Mr. Khalilzad may merely be interested in Mr. Soros’s Open Society operations in countries that are, as he often says, “of interest” to America.
But it is hard to fathom that Mr. Khalilzad told anyone at the White House — which he considers his power base, as opposed to the State Department — about that lunch. Mr. Soros may share Mr. Bush’s passion for spreading democracy to places where there is none, but he also has vowed to fight Republicans everywhere and to spend his vast fortune to unseat the president who appointed Mr. Khalilzad. When a crack Fox News camera crew caught the L’Impero lunch and posted it on their Web site, the video made the Washington rounds like a hot YouTube gossip bit.
Similarly, as someone at the State Department decided to add yet another coda to the Annapolis pomp by getting the Security Council to approve agreements achieved there, Mr. Khalilzad saw an easy opening. He quickly sold a half-baked resolution proposal to all 15 members of the council, including the Arab member, Qatar, hoping the resolution would pass during the council’s presidency of the largest Muslim country, Indonesia, which ended November 30. On Thursday, Mr. Khalilzad told reporters he had gained the council’s support for the proposed resolution. On Friday, as Mr. Khalilzad went to Washington for so-called prescheduled consultations (his name was included in a guest list at a White House holiday-related event), his deputy, Alejandro Wolff, was left to clean up the mess, leaving council members to marvel at America’s ineptitude. Oops, Mr. Wolff told them, after consulting with the Palestinian Arabs and the Israelis, we decided to withdraw our own resolution proposal.
Has nobody at the State Department or the American mission to the United Nations paid attention all these years? Why would Israel, which has always fought the “internationalization” of its diplomacy with Arab interlocutors, fall in love with a resolution in support of Annapolis now? Such an act would turn into enforceable international law the vague — and unrealistic — promise of creating a Palestinian Arab state by the end of 2008. The answer is that, of course, plenty of old hands in the diplomatic corps are experienced enough to recognize the Israeli sensitivities. Mr. Khalilzad, who replaced John Bolton as ambassador in January, however, is not one of them, and he appeared not to have consulted them.

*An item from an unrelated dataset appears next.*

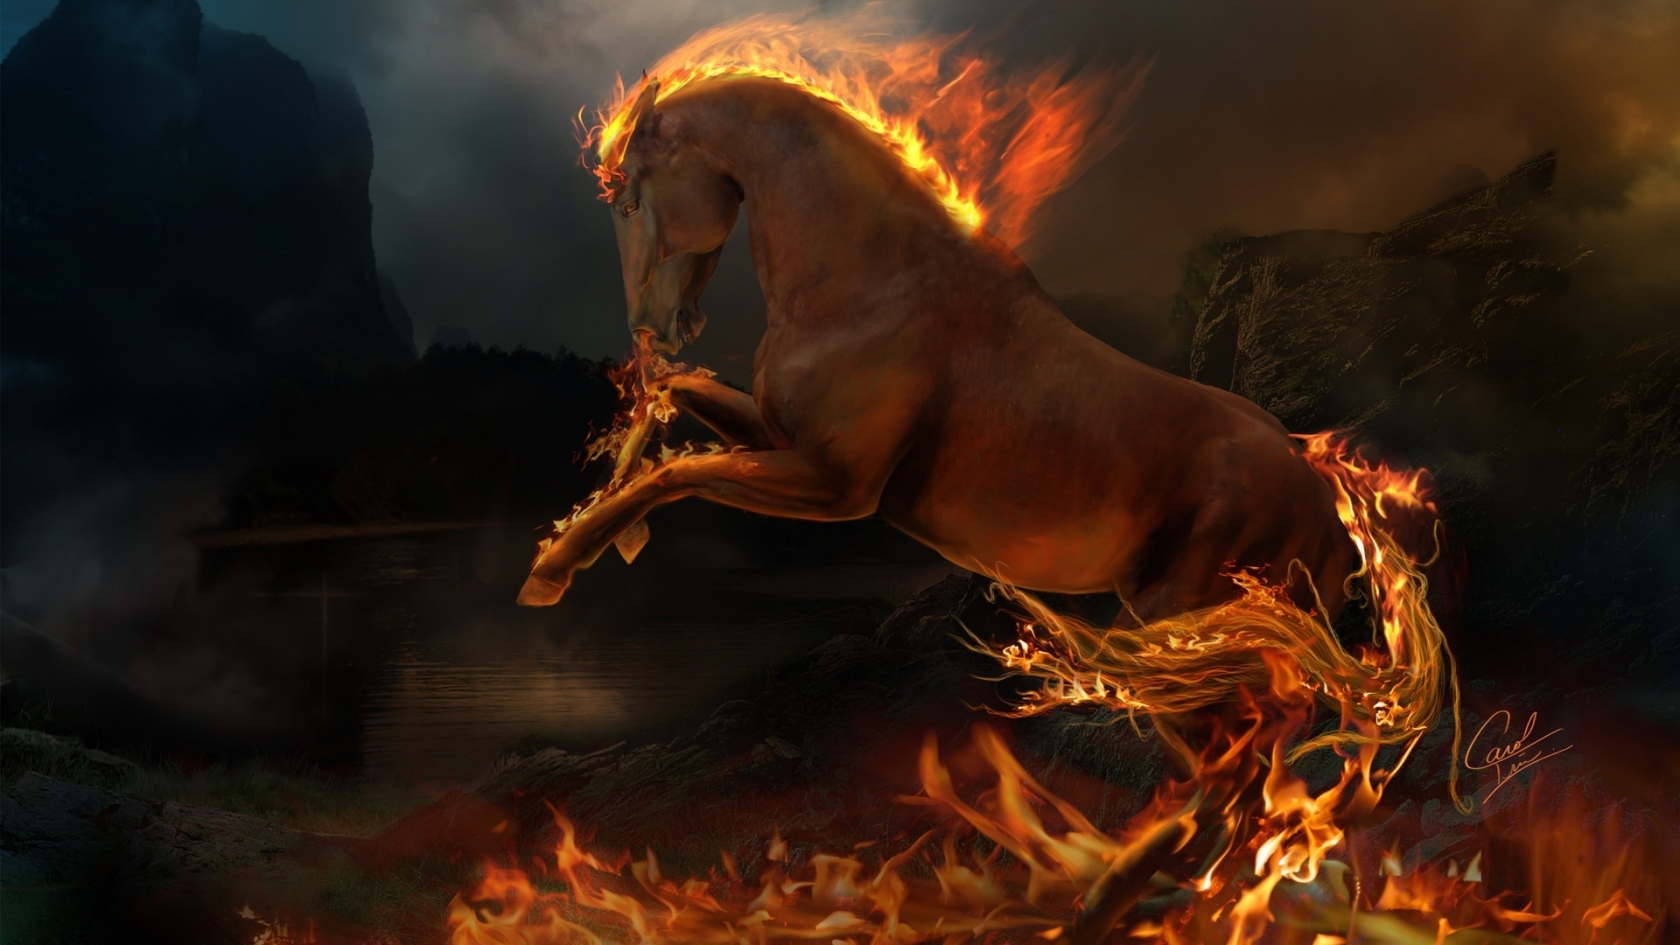 3D burning horse for 1680 x 945 HDTV resolution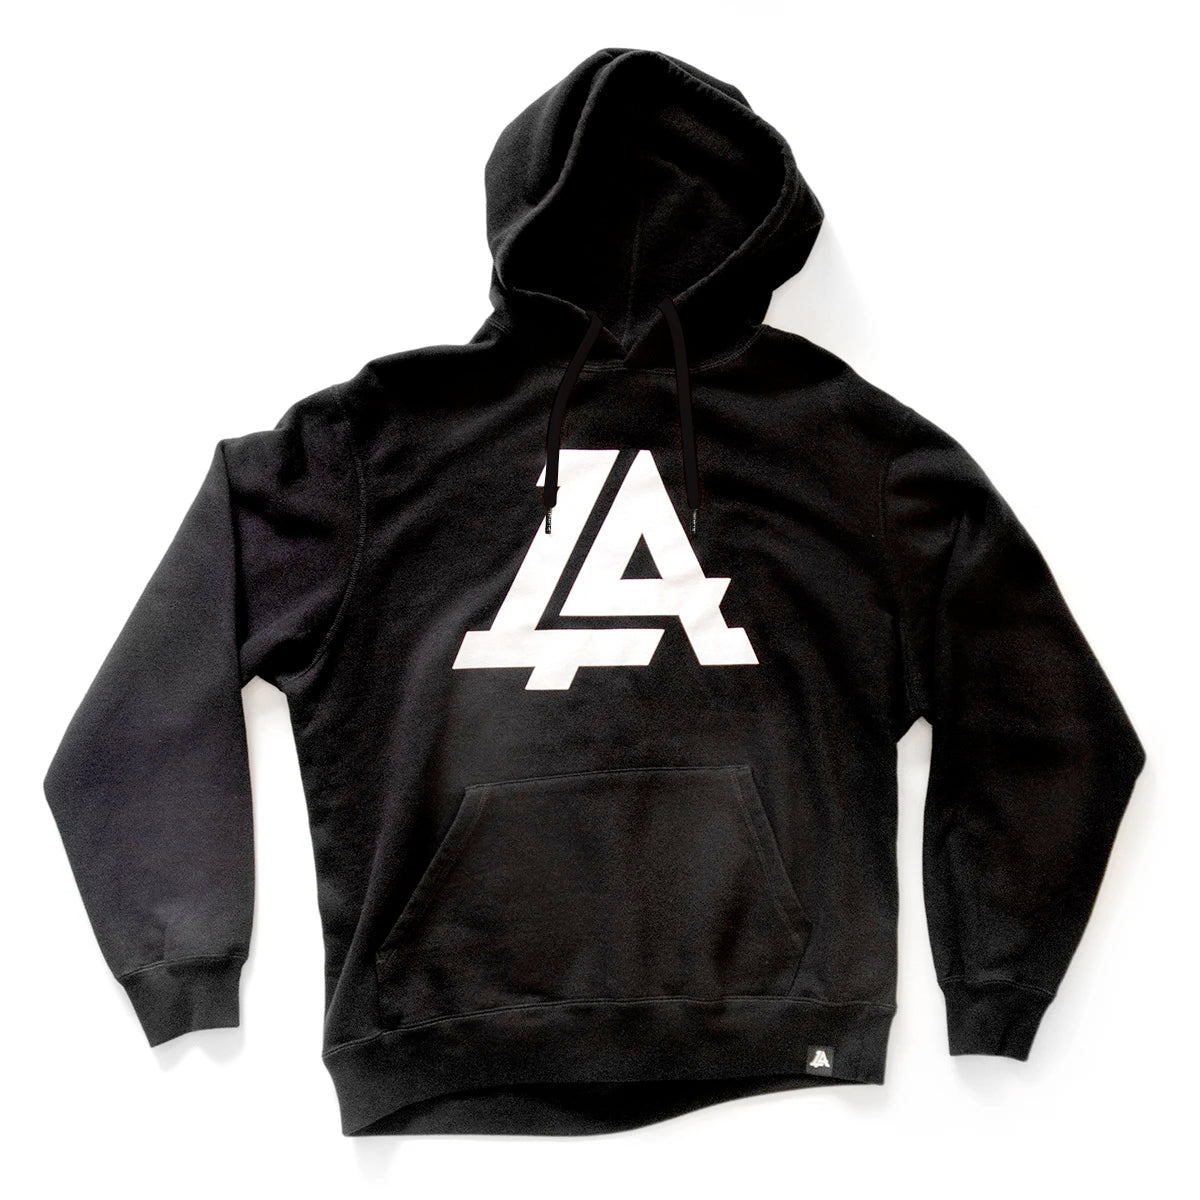 Lost Art Canada - black icon hoodie sweatshirt front view black strings

Mr. Khalilzad has a talent for making inroads with America’s enemies, which may have made for strange lunch meetings even before Mr. Soros. A former top U.N. inside operator largely considered a foe by Washington, Pakistan’s Iqbal Riza, was the first man Mr. Khalilzad had for lunch as he moved into the official ambassador’s residence at the Waldorf-Astoria in April.
An oft-repeated maxim of Mr. Bolton — who wisely opted for graciousness, telling me over the weekend that he had “no comment” on Mr. Khalilzad’s new travails — was that good American U.N. ambassadors represent Washington’s interests at Turtle Bay, rather than explain the United Nations to Washington.
Mr. Khalilzad’s biggest challenge now is no longer to charm and defang external enemies of America and the Bush administration. After last week, he may need to use all his considerable talents to appease America’s closest allies — not to mention disenchanted Bush loyalists who believe he has violated Mr. Bolton’s maxim.